Write out the lines below once more, exactly as they appear. Do not include pictures.

===== EXERCISE DATA

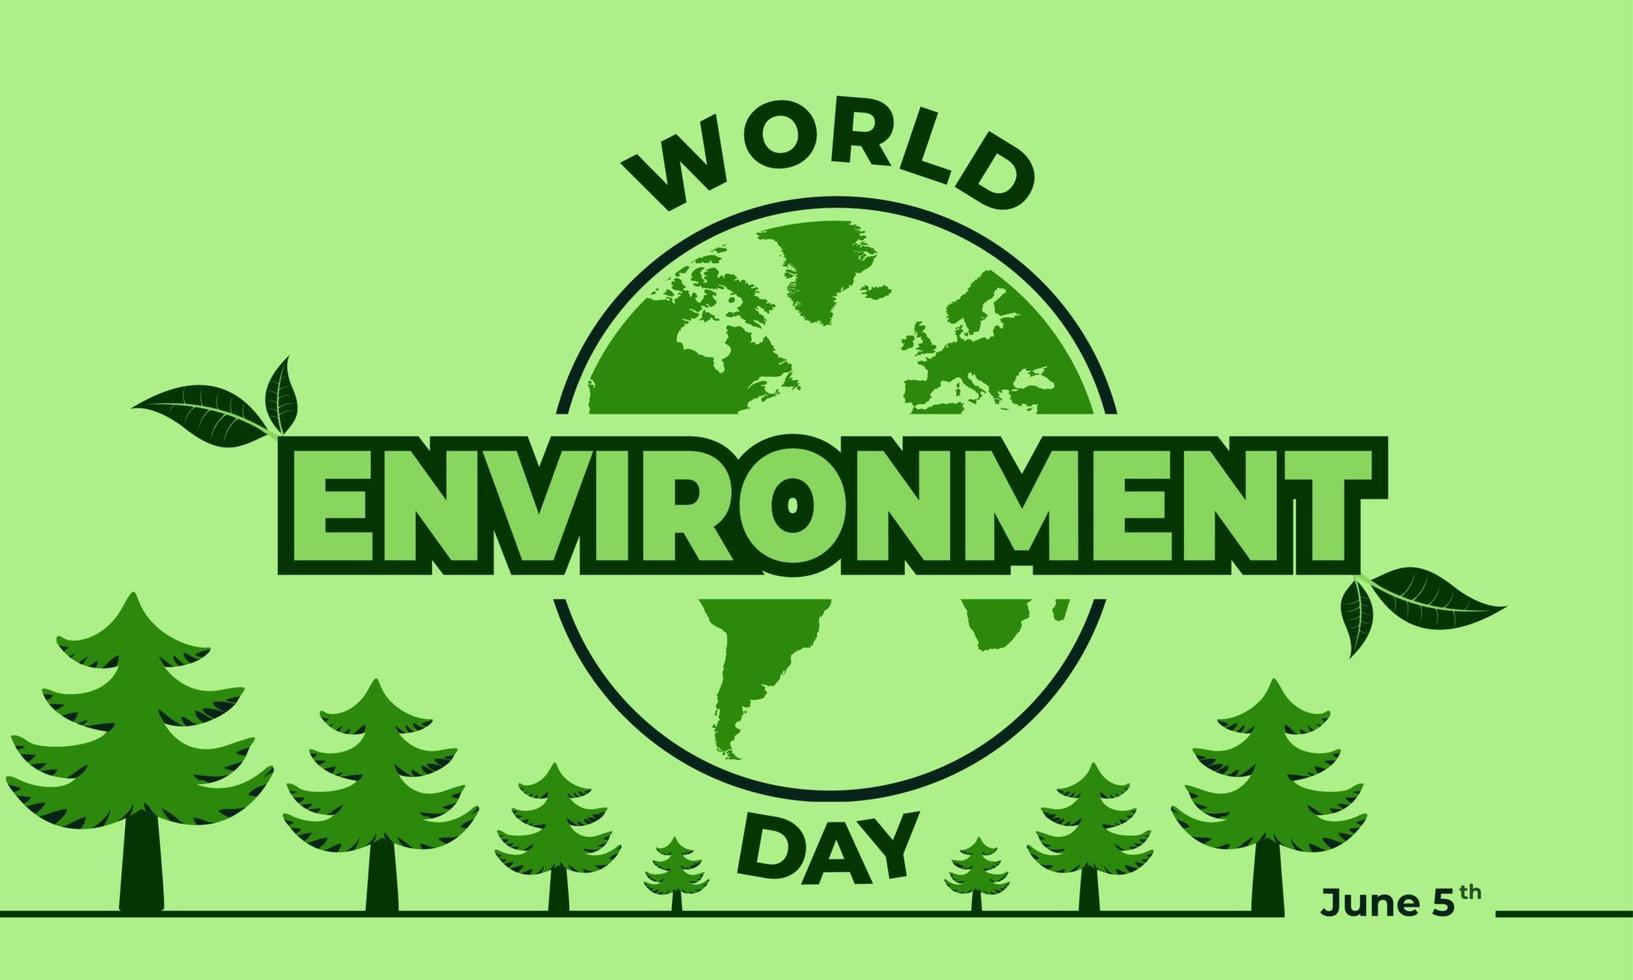 journée mondiale de l'environnement, conception de vecteur vert, illustration vectorielle et texte
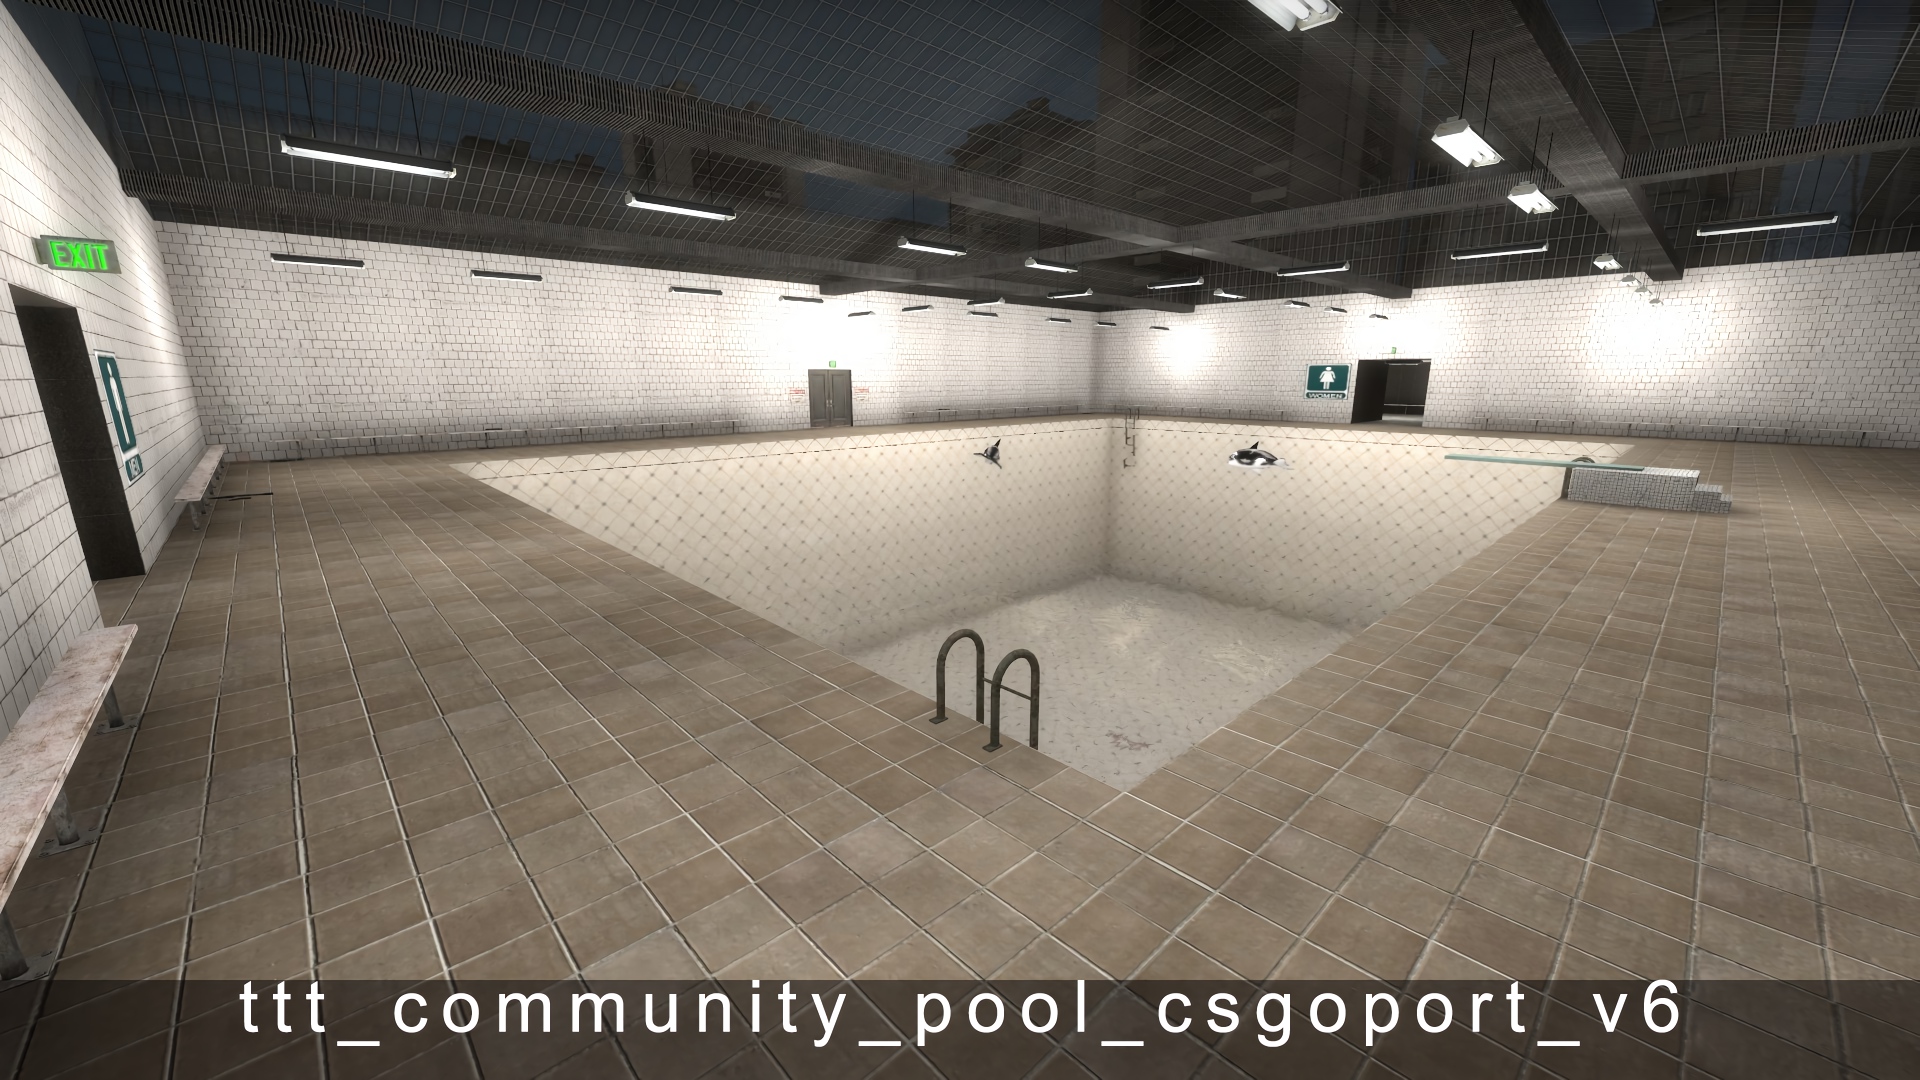 ttt_community_pool_csgoport_v6.jpg
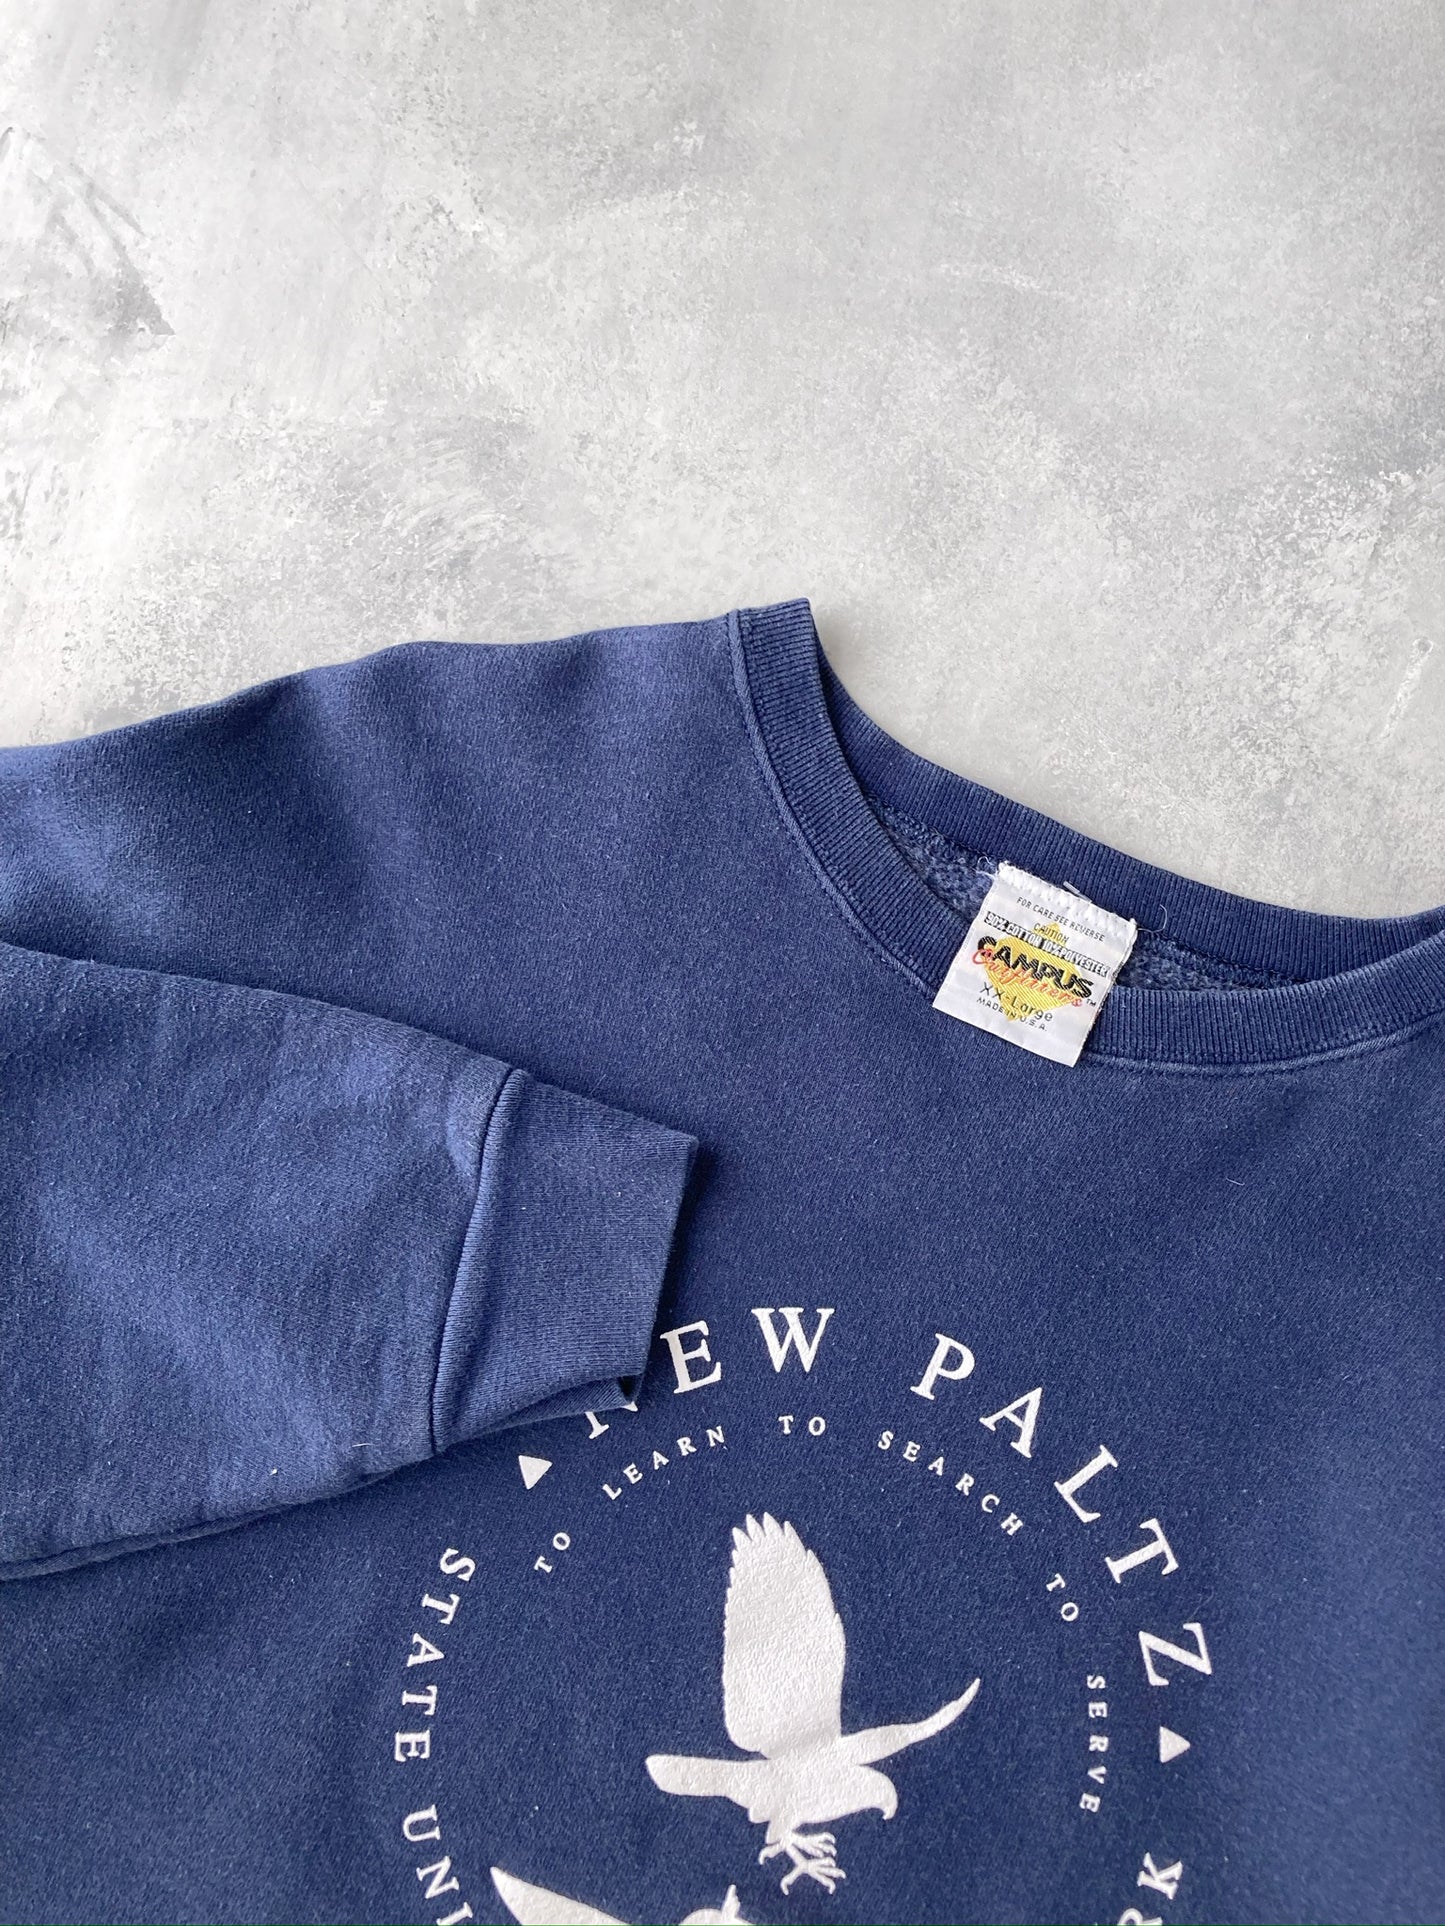 SUNY New Paltz Sweatshirt 90's - XXL

==========

» ANSWER TO THIS EXERCISE
 journée mondiale de l'environnement, conception de vecteur vert, illustration vectorielle et texte
 ttt_community_pool_csgoport_v6.jpg
 SUNY New Paltz Sweatshirt 90's - XXL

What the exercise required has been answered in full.